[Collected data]
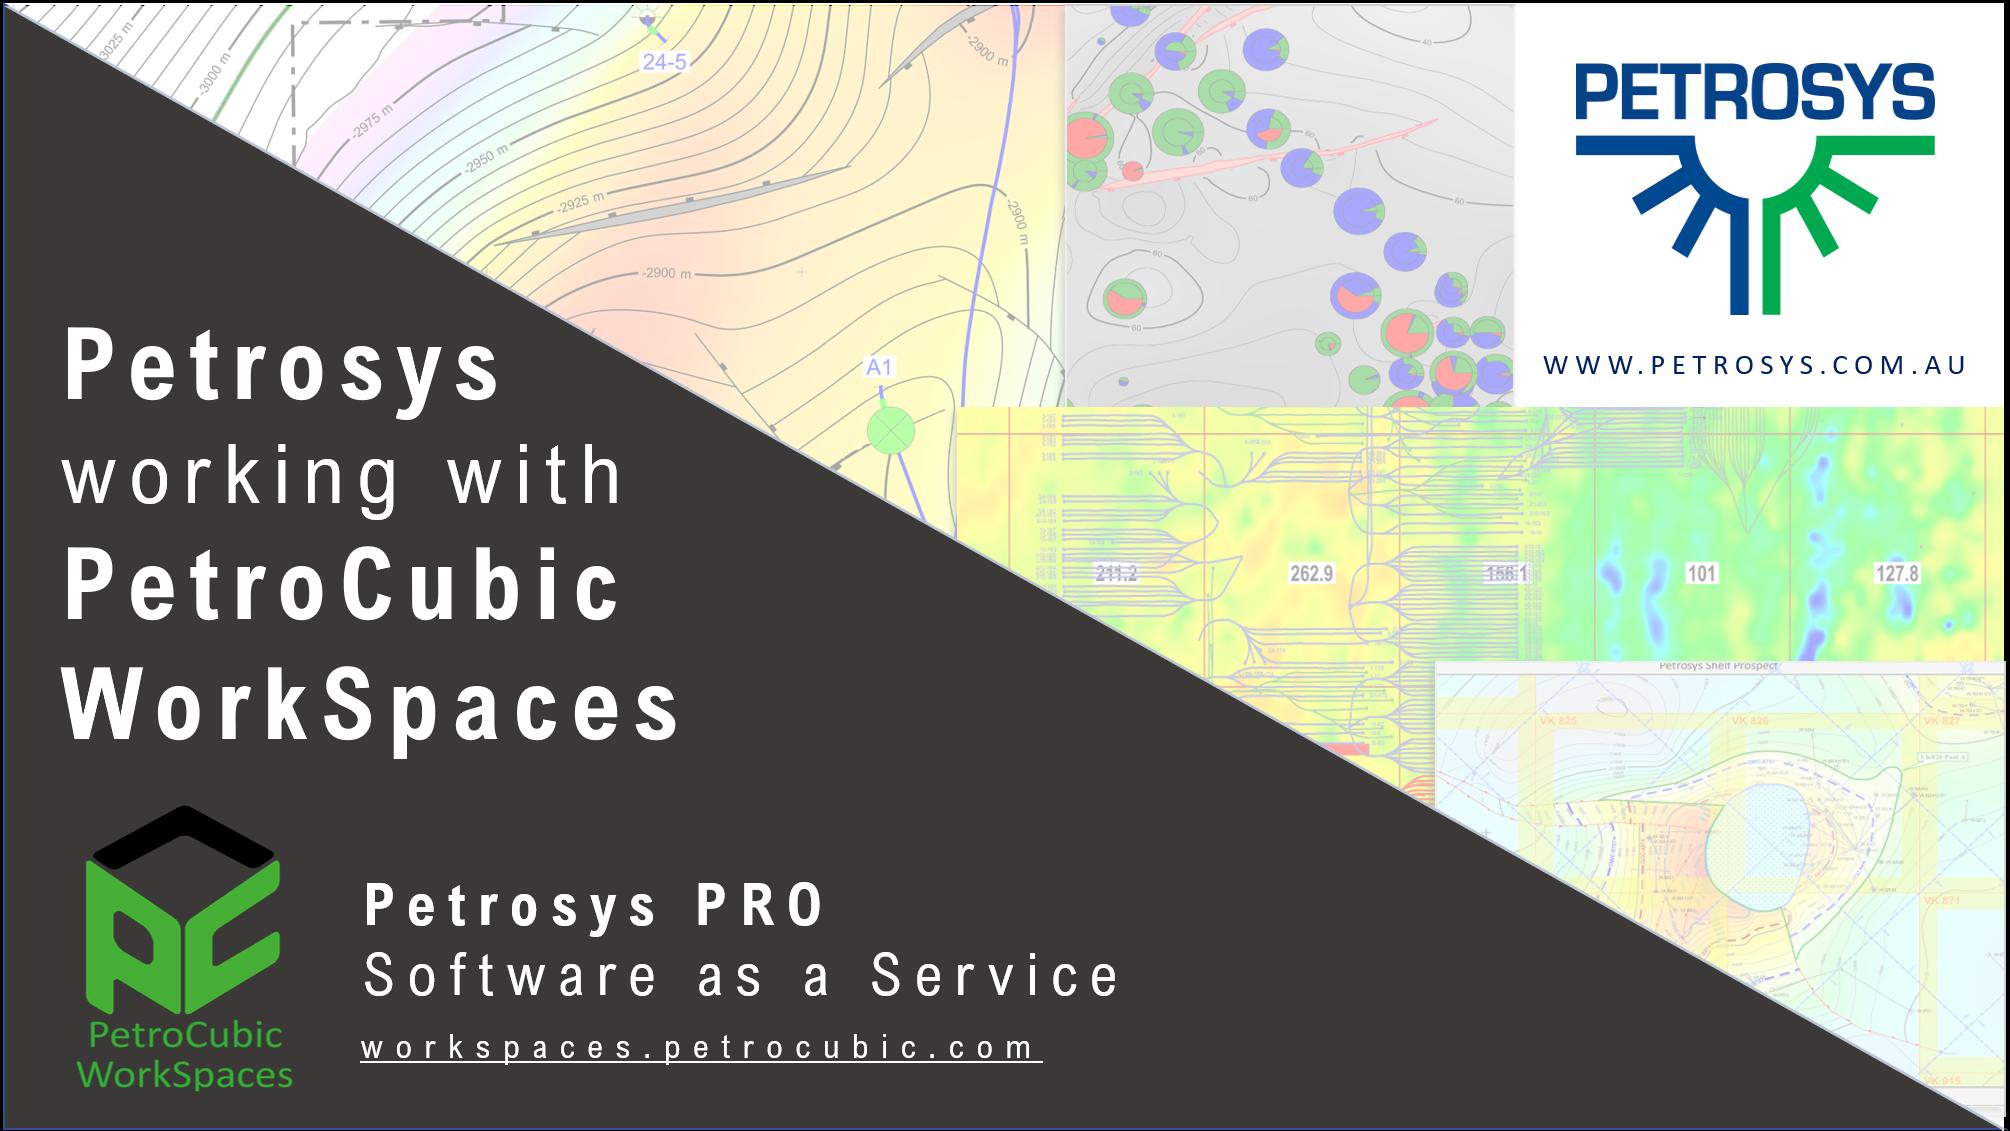 Petrosys partnership with PetroCubic WorkSpaces
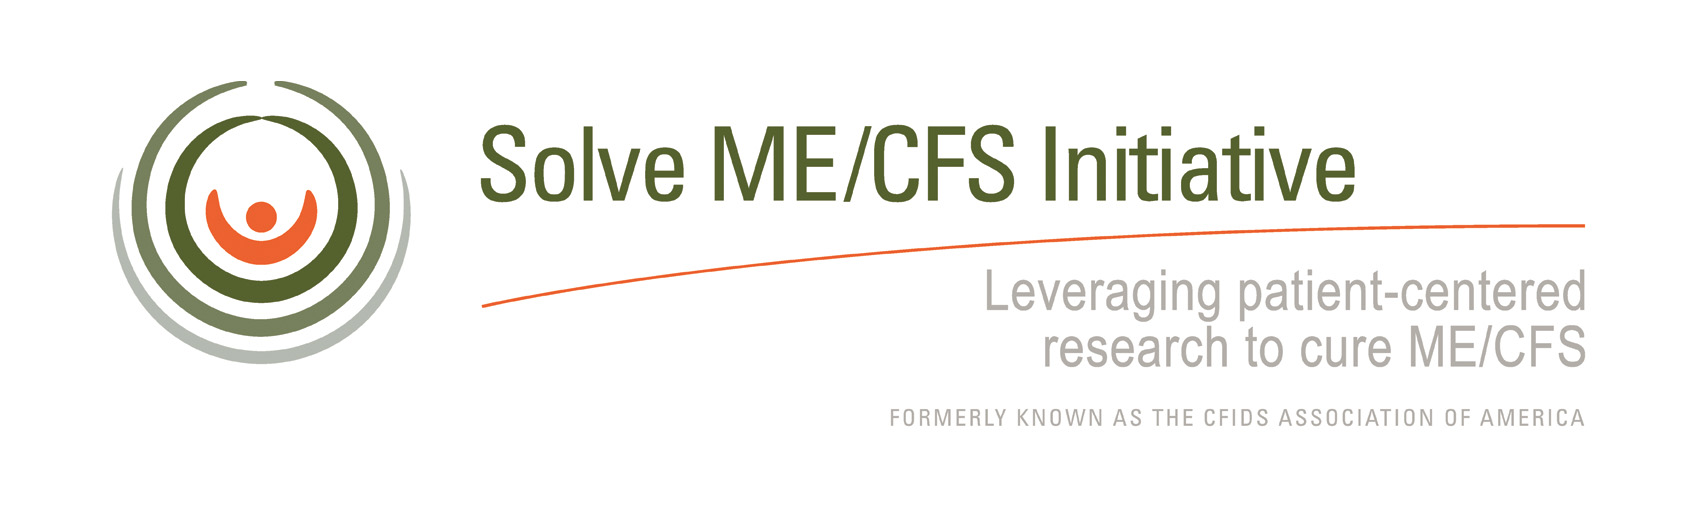 CFSME_logomain_fkacfids
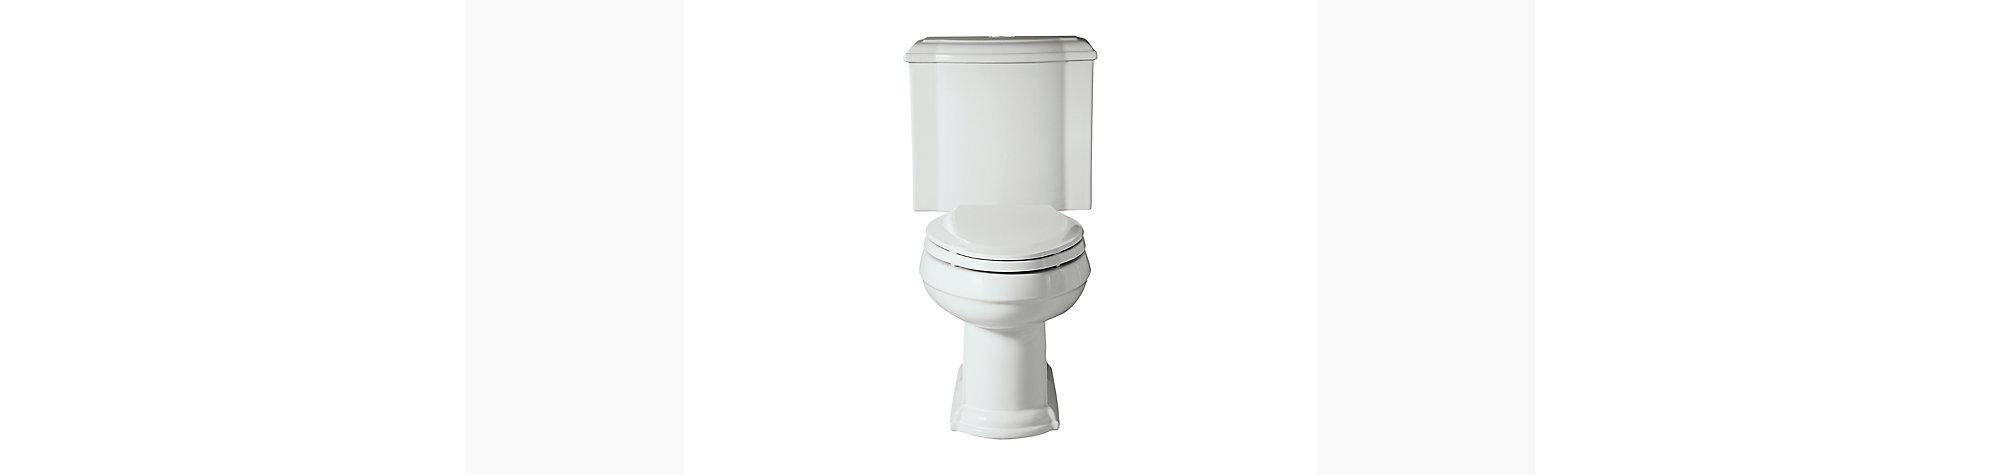 Devonshire & Tresham Close Coupled Toilet Pan
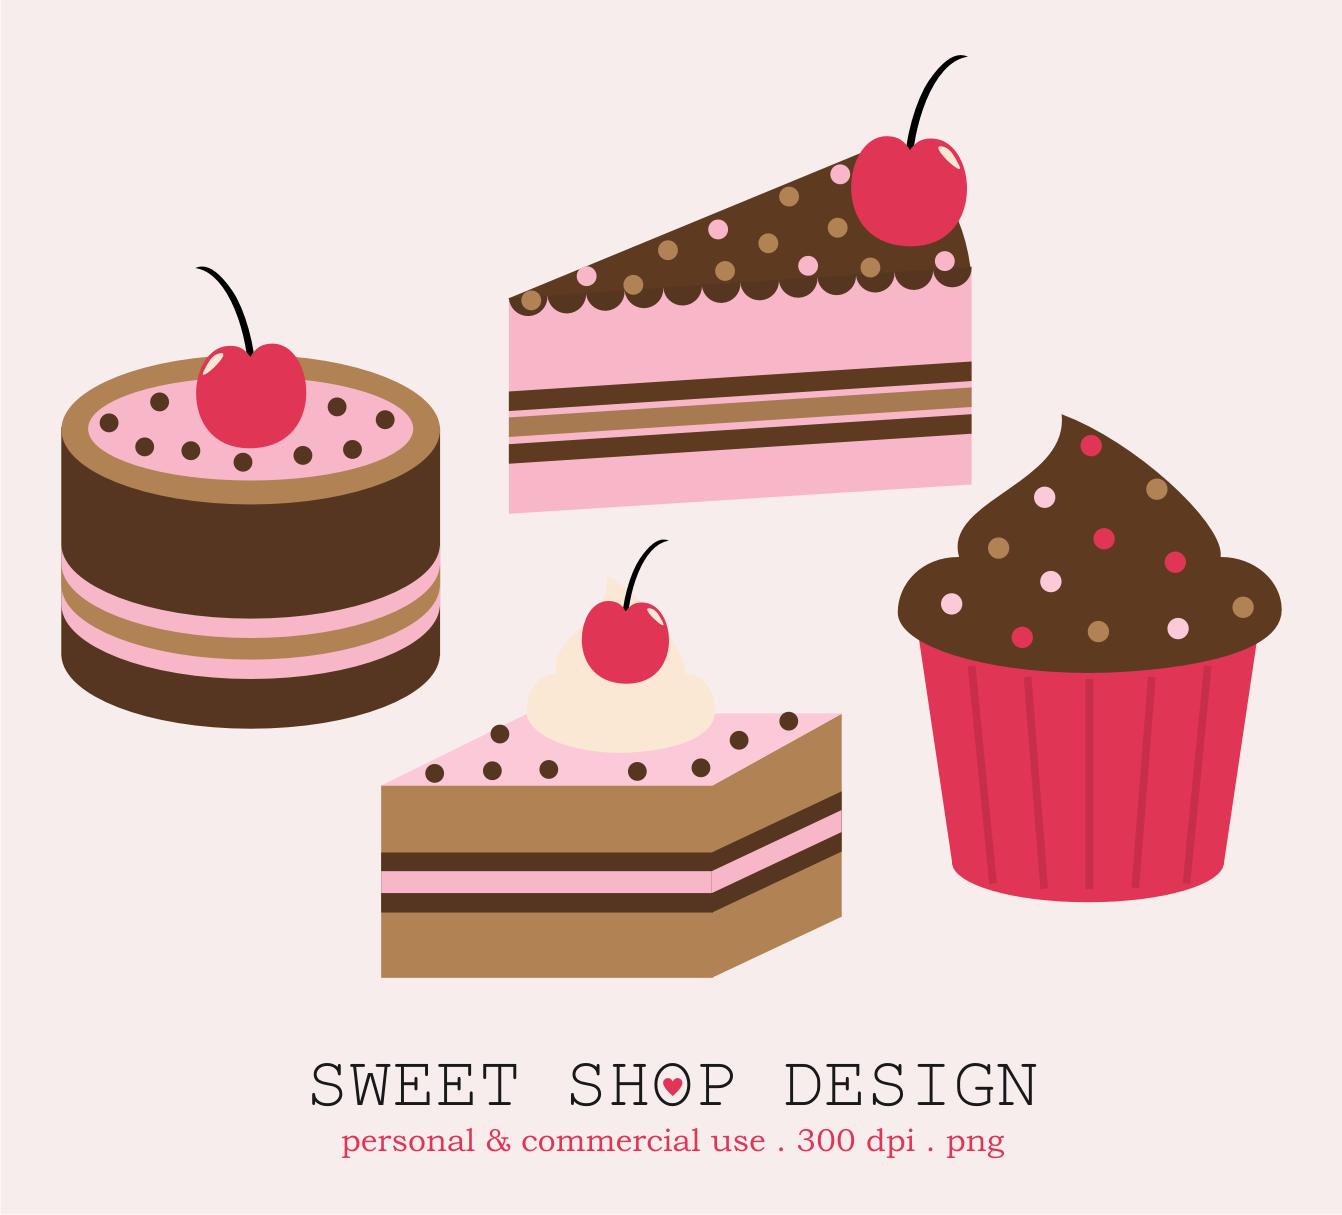 Sweet Shop Design: Cakes Clip Art Freebies
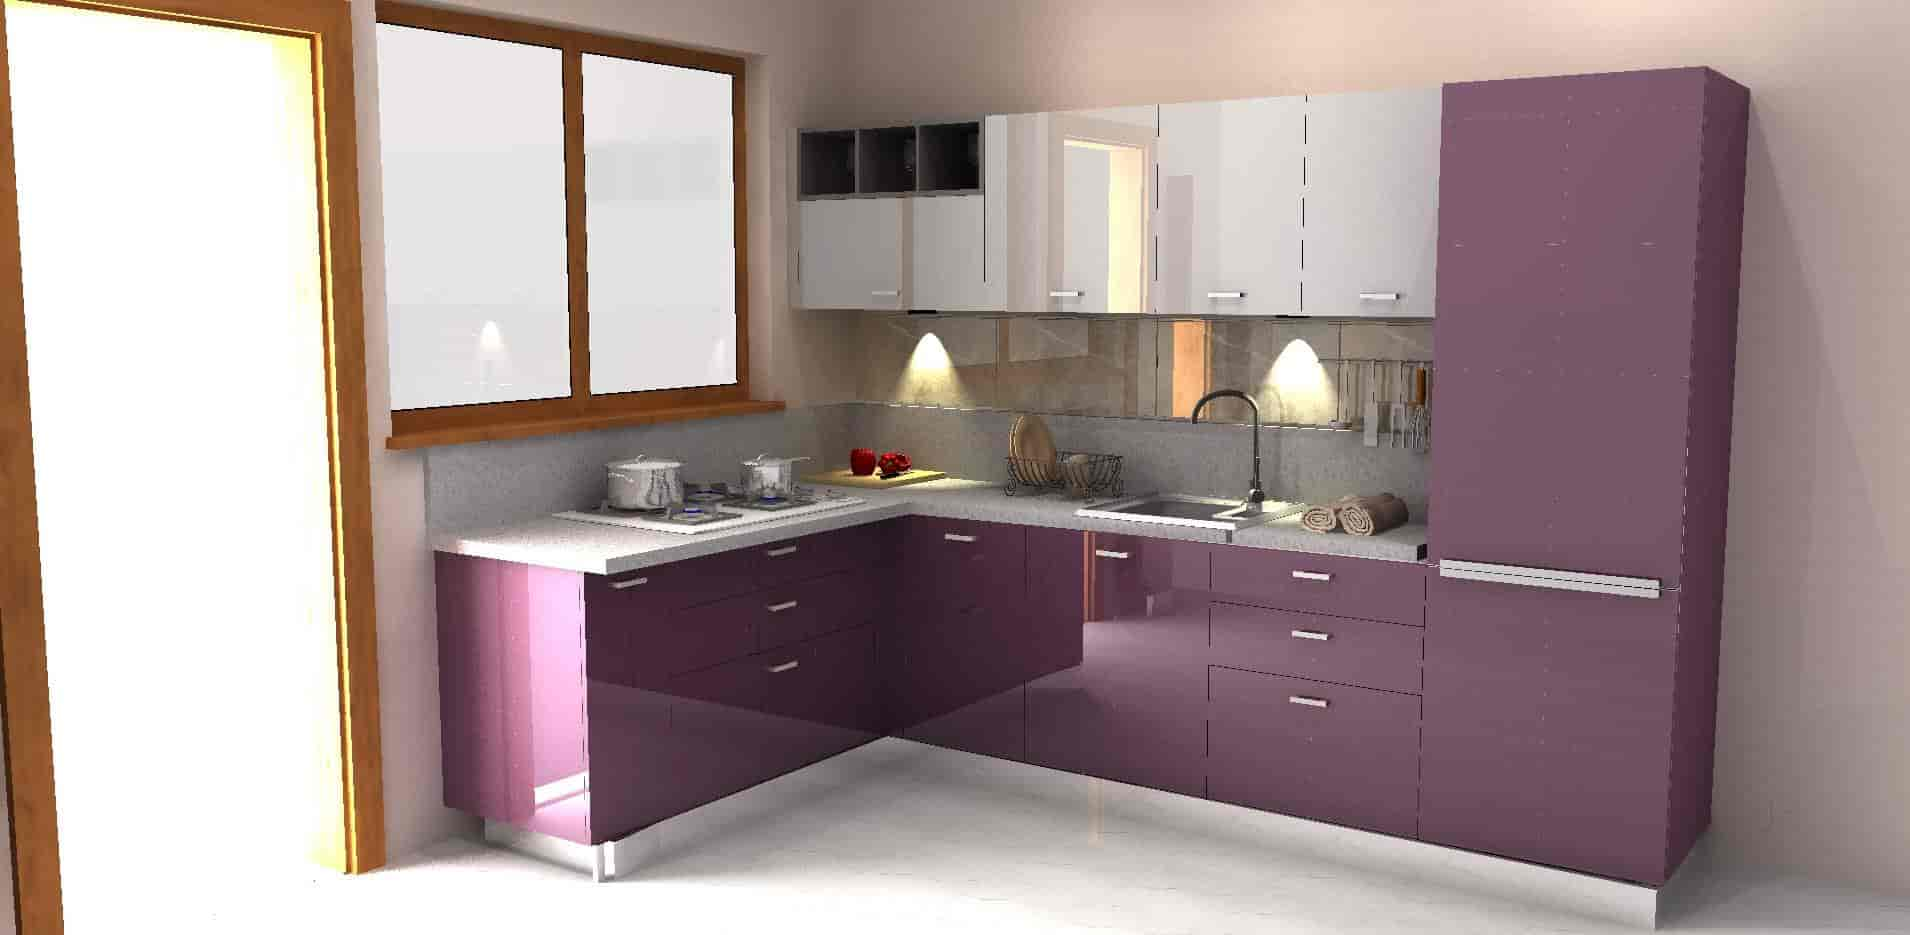 Sleek Kitchens, Godhra   HD Retails   Modular Kitchen Dealers Sleek In  Panchmahal   Justdial

## What this task involves:
Give back the records above exactly. Pictures stay out.

## Task response:
 Petrosys partnership with PetroCubic WorkSpaces
 CFSME_logomain_fkacfids
 Devonshire & Tresham Close Coupled Toilet Pan
 Sweet Shop Design: Cakes Clip Art Freebies
 Sleek Kitchens, Godhra   HD Retails   Modular Kitchen Dealers Sleek In  Panchmahal   Justdial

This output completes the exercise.